Feature Articles


December Issue 2000

Governor's Mansion Simmons Gate at Columbia Museum of Art in Columbia, SC

A wrought iron gate designed by Charleston, SC, blacksmith Philip Simmons and forged last year at Charleston's School of the Building Arts was commissioned for an entryway at the SC Governor's Mansion. Through the generosity of the Governor and his staff, the gate will be on view at the Columbia Museum of Art in Columbia, SC, until renovations at the Mansion are complete in early 2001. Simmons is widely recognized as South Carolina's foremost ornamental metalworker of the 20th century. The Charleston native has devoted his life to preserving the traditional art of the blacksmith and has crafted wrought iron works that can be found across the nation in places such as the National Museum of American History of the Smithsonian Institution. With over seventy years of experience in ornamental iron working, Simmons includes among his accolades a National Heritage Fellowship from the National Endowment for the Arts in 1982, the highest honor that the United States can present to a traditional artist.

A walnut and ebony rocker by noted California woodworker Sam Maloof, a gift of Ethel Brody and Leona Sobel is on view in Gallery 1. Rocker (#60) is a classic example of Maloof's style and remains among one of his most recognizable designs. His work is included in the White House Collection of Craft and will also be featured in a major retrospective at the Renwick Gallery in Washington, DC, in late 2001. Celebrated as one of America's premiere craftsmen, Maloof began producing his distinctive furniture in 1950, and the rapid success of his simple, organic designs helped establish a new interest in studio furniture production concurrent with the resurgence of other craft traditions in the 1960s.

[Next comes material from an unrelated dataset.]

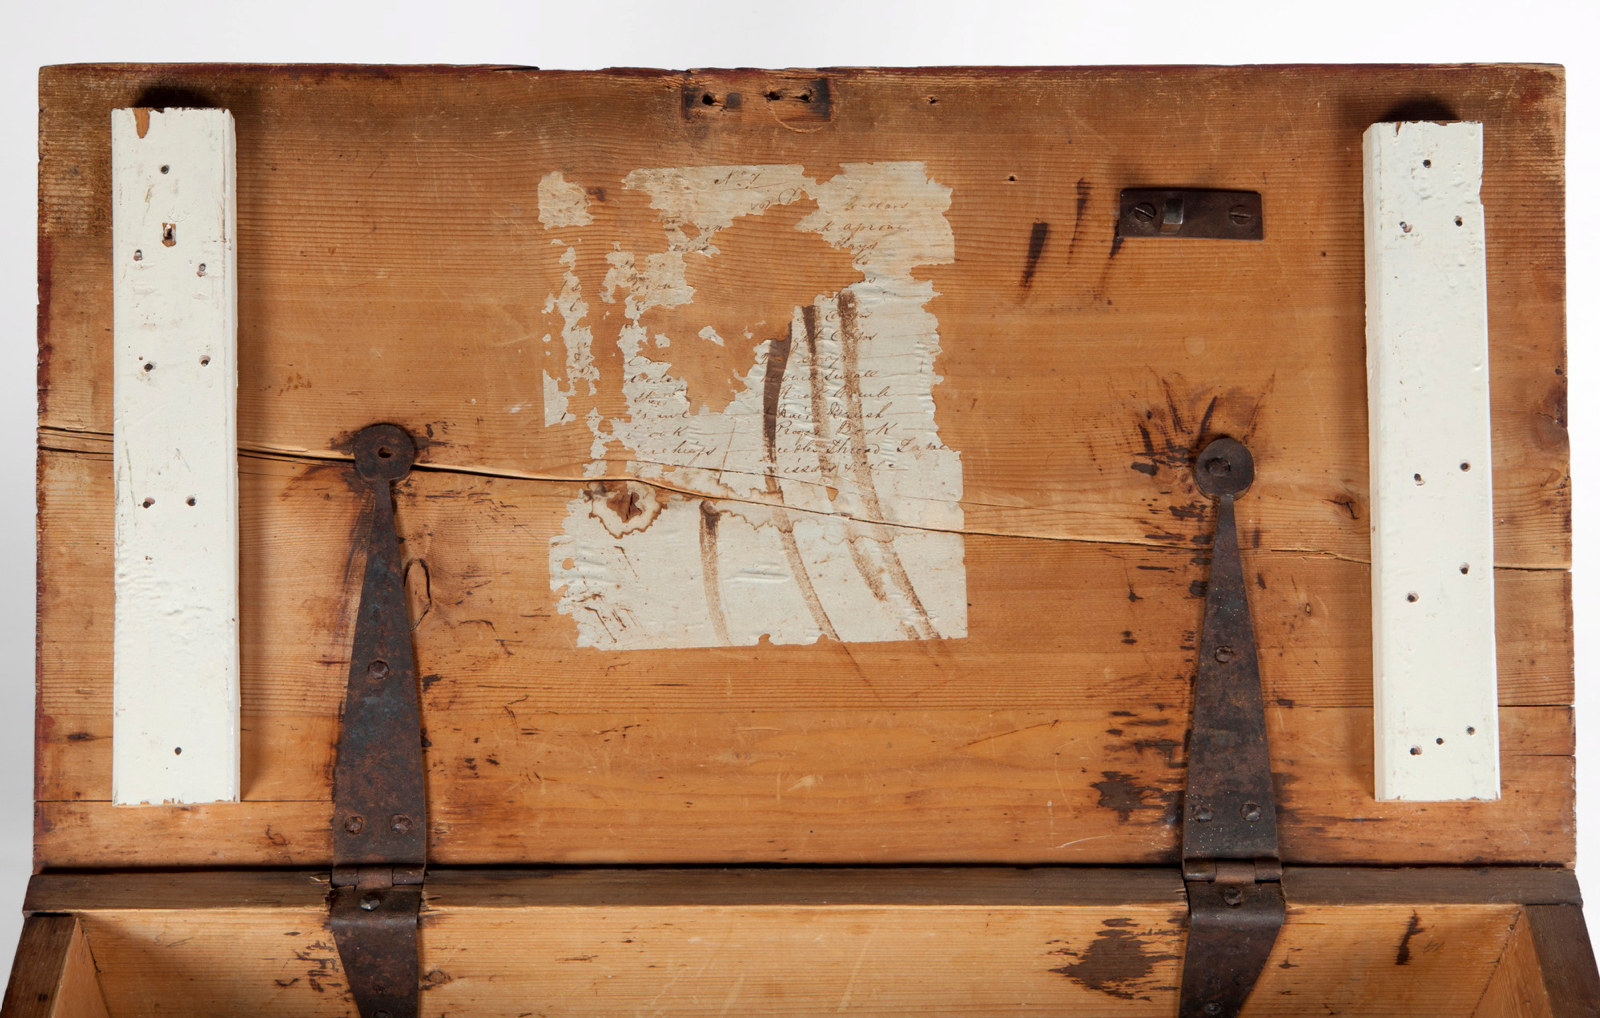 Inside of wooden box belonging to Margaret Hurley

Inner Worlds: Works in Glass is a new exhibition in the Garden Terrace area that will highlight the creations of contemporary glass artists. Several of the works included are on loan from noted collectors Isaac and Sonia Luski of NC, who have also generously contributed 16 examples of contemporary glass to the Museum in the past two years. Included in the selection of seven works is Spirelli by noted Italian artist, Lino Tagliapietra, characterized by sparely elegant shapes combined with techniques adopted from Venetian glassworking tradition. New Jersey artist Paul Stankard's Wildflower Bouquet with Spirits is a highly detailed work with floral forms and human "spirit" shapes. Boysenberry Bash is by NC artist Jon Kuhn who has works in the White House collection and the Renwick Gallery. Marc Peiser's "pine free" vessel, a tour de force of technical skill and one of his early masterpieces, is included as well as works by Ken Carder, Brent Kee Young and Stephen Dee Edwards.